Natural Language Q&A over MySQL (Retail Domain) with FastAPI & LangChain

Backend that lets users ask questions in plain English; questions are converted to SQL, run on a MySQL database, and answered with an LLM. Built for retail/product data with few-shot examples and semantic example selection.

Posted on LinkedIn

I posted about this project on LinkedIn:
https://www.linkedin.com/posts/md-sohail-230141205_github-sohail3080querymind-querymind-activity-7430337701012246528-9Slq?utm_source=share&utm_medium=member_desktop&rcm=ACoAADQq6AQBraEbiT14ztiatVqIq2dy3pG4Gus

Postman Collection

You can test the API using the Postman collection below:

Postman Collection:
https://www.postman.com/myselfmdsohail-1533277/querymind/request/52316234-72d3d142-83e7-42c1-881b-73c53ce7d4ad/?action=share&creator=52316234&ctx=documentation

Running the Backend Locally

Create a virtual environment (recommended):
```
python -m venv .venv
```
Activate the virtual environment:
- On Windows: .venv\Scripts\activate
- On Linux/macOS: source .venv/bin/activate
Install the required packages — Install the packages listed in requirements.txt (ensure your venv is activated so they install into the virtual environment).
Start the FastAPI server with Uvicorn:
```
uvicorn main:app --reload
```

Routes

Route	Method	Use
`/v1/api/query`	POST	Send a natural language question; backend generates SQL, runs it on MySQL, and returns an LLM answer.

Payloads

POST `/v1/api/query`

Body

{
  "query": "What electronics items cost less than 50 dollars?"
}

The backend uses few-shot examples (selected by semantic similarity from a Chroma vector store), the MySQL schema, and an OpenAI-compatible LLM to produce SQL, execute it, and format the answer.

Environment Variables

Variable	Description
`OPENAI_API_KEY`	API key for the LLM (OpenAI or compatible endpoint).
`OPENAI_API_BASE`	Base URL for the API (e.g. `https://api.openai.com/v1` or your custom endpoint).
`LLM`	Model name/id (e.g. `gpt-4`, `gpt-3.5-turbo`).
`EMBEDDING_MODEL`	HuggingFace model for few-shot example embeddings (no default in code; set in `.env`; example in `.env.example`: `sentence-transformers/all-MiniLM-L6-v2`).
`db_user`	MySQL user (readonly recommended).
`db_password`	MySQL password.
`db_host`	MySQL host.
`db_name`	Database name.
`db_port`	MySQL port (e.g. `3306`).

Copy .env.example to .env and fill in your values.

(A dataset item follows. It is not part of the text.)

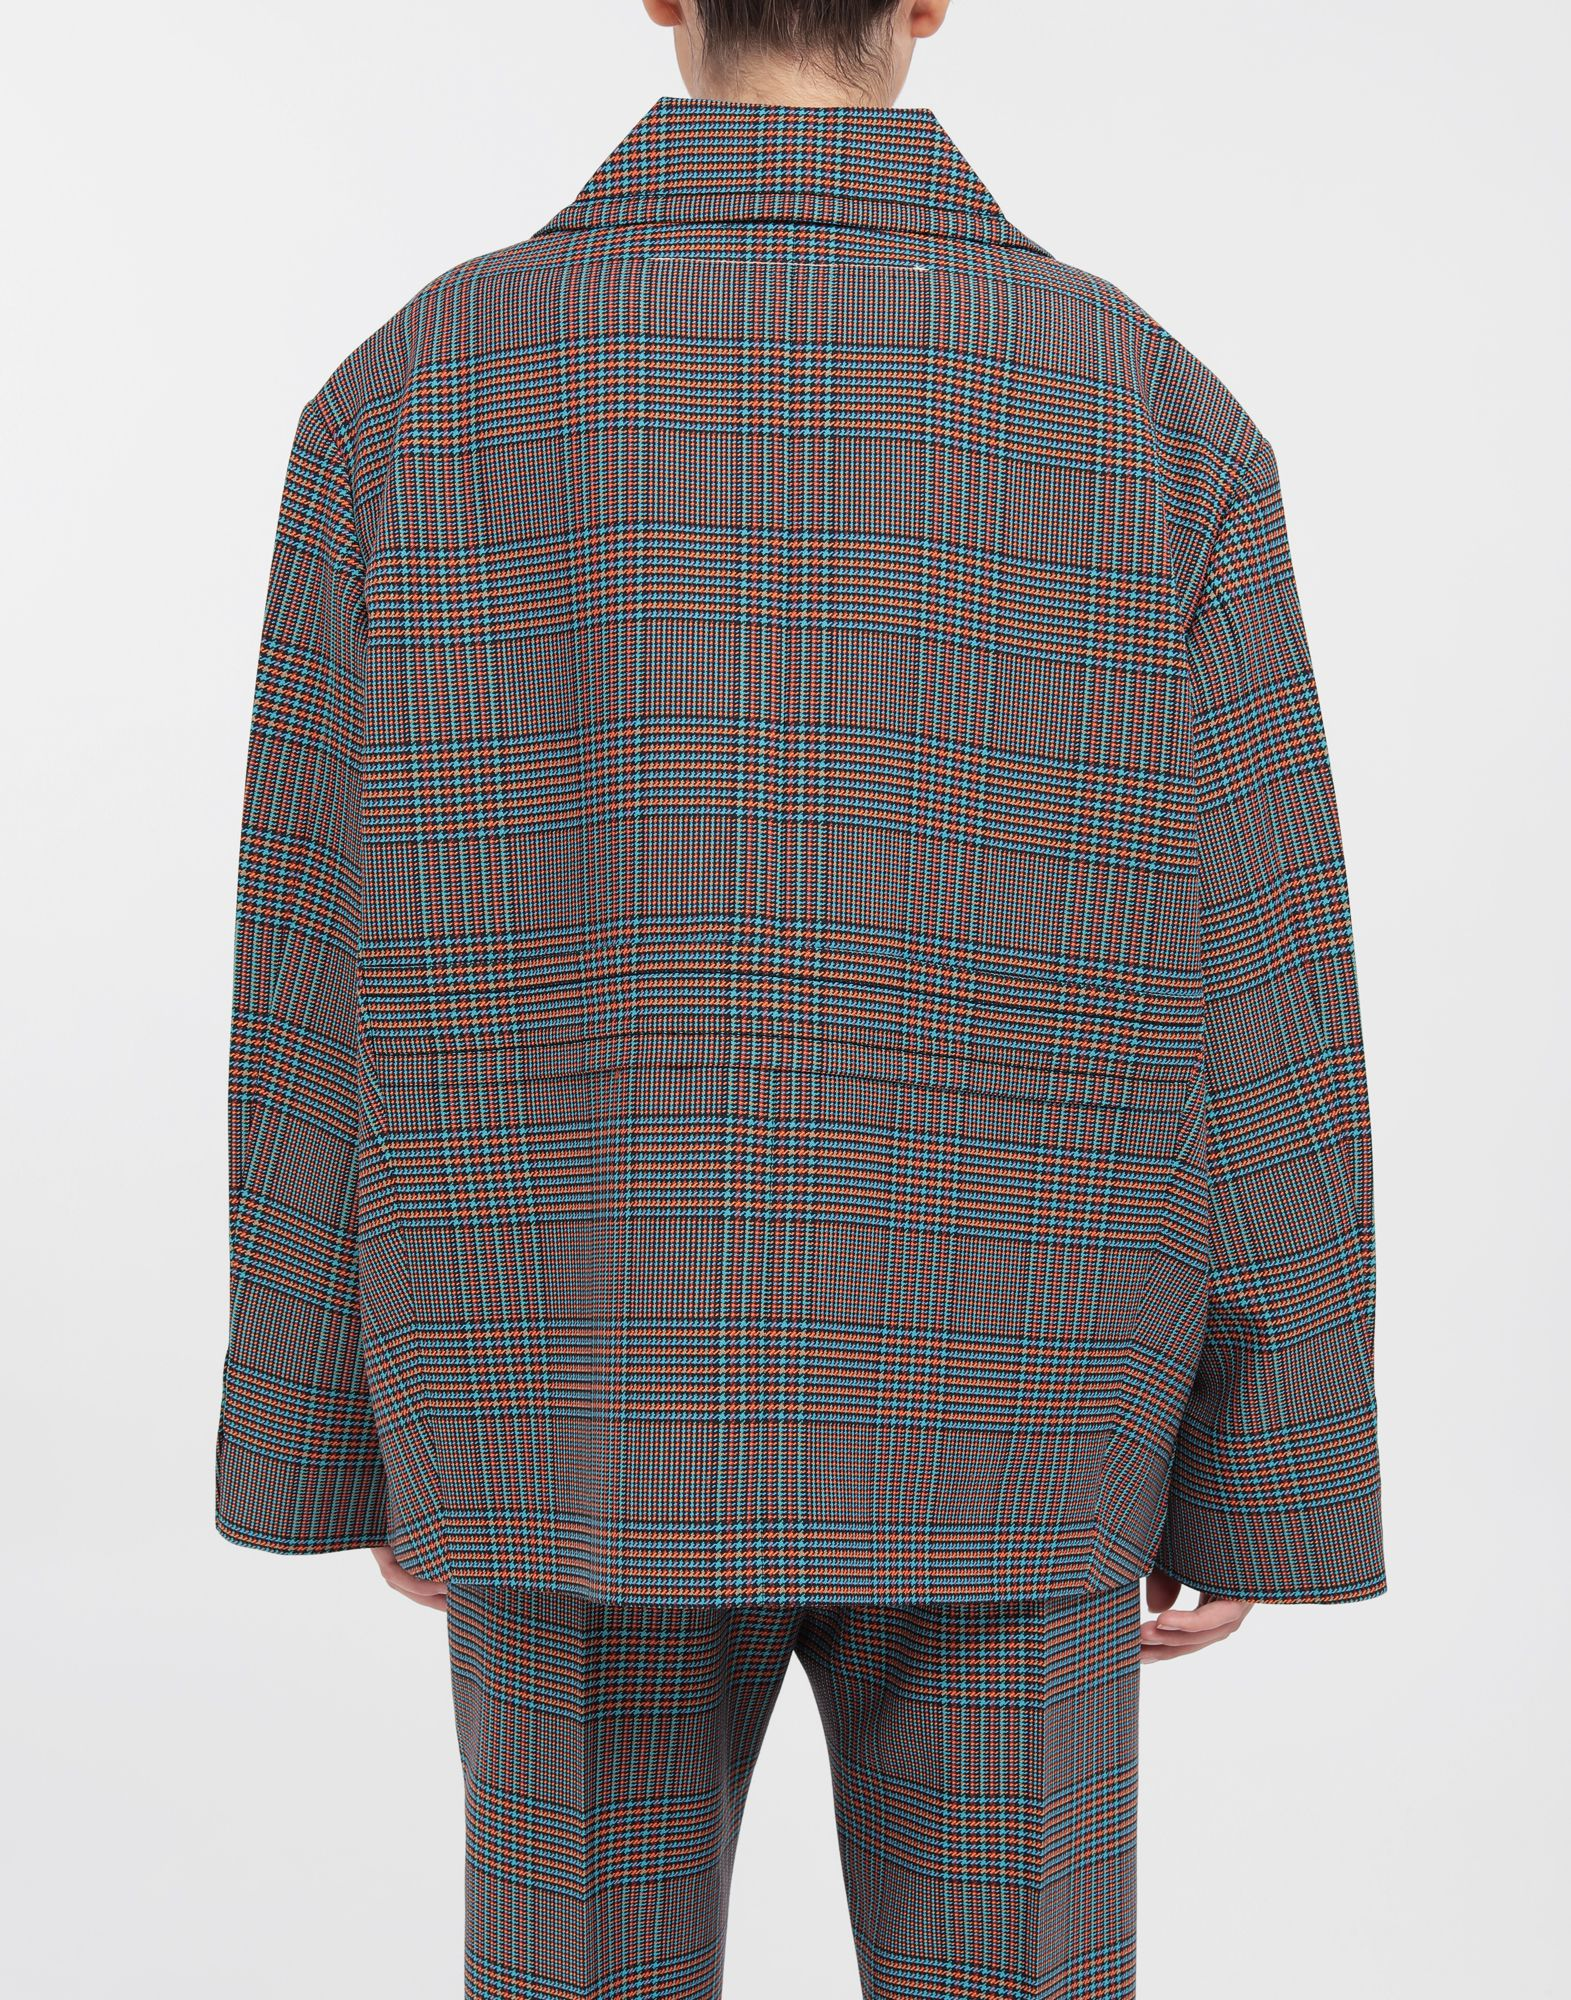 MM6 MAISON MARGIELA Oversized checked wool jacket Blazer Woman e

Testing: This project was tested using OpenRouter with the model arcee-ai/trinity-large-preview:free. Use OpenRouter’s API URL for OPENAI_API_BASE and your OpenRouter API key for OPENAI_API_KEY, and set LLM to arcee-ai/trinity-large-preview:free (or another OpenRouter model).

Sample Table for Experiment

The following table was used by me. You can create it in your MySQL database to try the app as-is:

CREATE TABLE product_inventory (
    id INT AUTO_INCREMENT PRIMARY KEY,
    sku VARCHAR(64) NOT NULL UNIQUE,
    product_name VARCHAR(255) NOT NULL,
    category VARCHAR(255),
    price DECIMAL(10,2) NOT NULL,
    stock INT NOT NULL DEFAULT 0,
    supplier VARCHAR(255)
);

Adapt to your needs: Change the few-shot examples in config/few_shots.py and the system prompt in config/prompts.py to match your schema and use case. Queries and examples should reflect your own tables, columns, and business logic.

Chain-of-Thought & Few Shots (brief)

Chain-of-thought (CoT): The system prompt in config/prompts.py asks the LLM to reason step-by-step (understand the question → identify tables/columns → construct filters → ordering/limits) and output that reasoning before writing the SQL. This improves accuracy and debuggability.
Few shots: Example question–SQL–answer pairs live in config/few_shots.py. The 2 most semantically similar examples to the user’s question are retrieved from Chroma and injected into the prompt so the model can mimic style and patterns (e.g. price ranges, categories, suppliers).

Architecture Notes

Text-to-SQL with few-shot learning — Natural language → SQL via LangChain SQLDatabaseChain and a MySQL-focused system prompt.
Semantic example selection — Few-shot examples are stored in Chroma; the 2 most similar examples to the user question are selected (HuggingFace embeddings).
Retail-oriented prompts — Prompts and examples in config/prompts.py and config/few_shots.py target product name search, categories, price ranges, stock, and suppliers.
Stateless FastAPI backend — Single query endpoint; no auth in the current code (add middleware if needed).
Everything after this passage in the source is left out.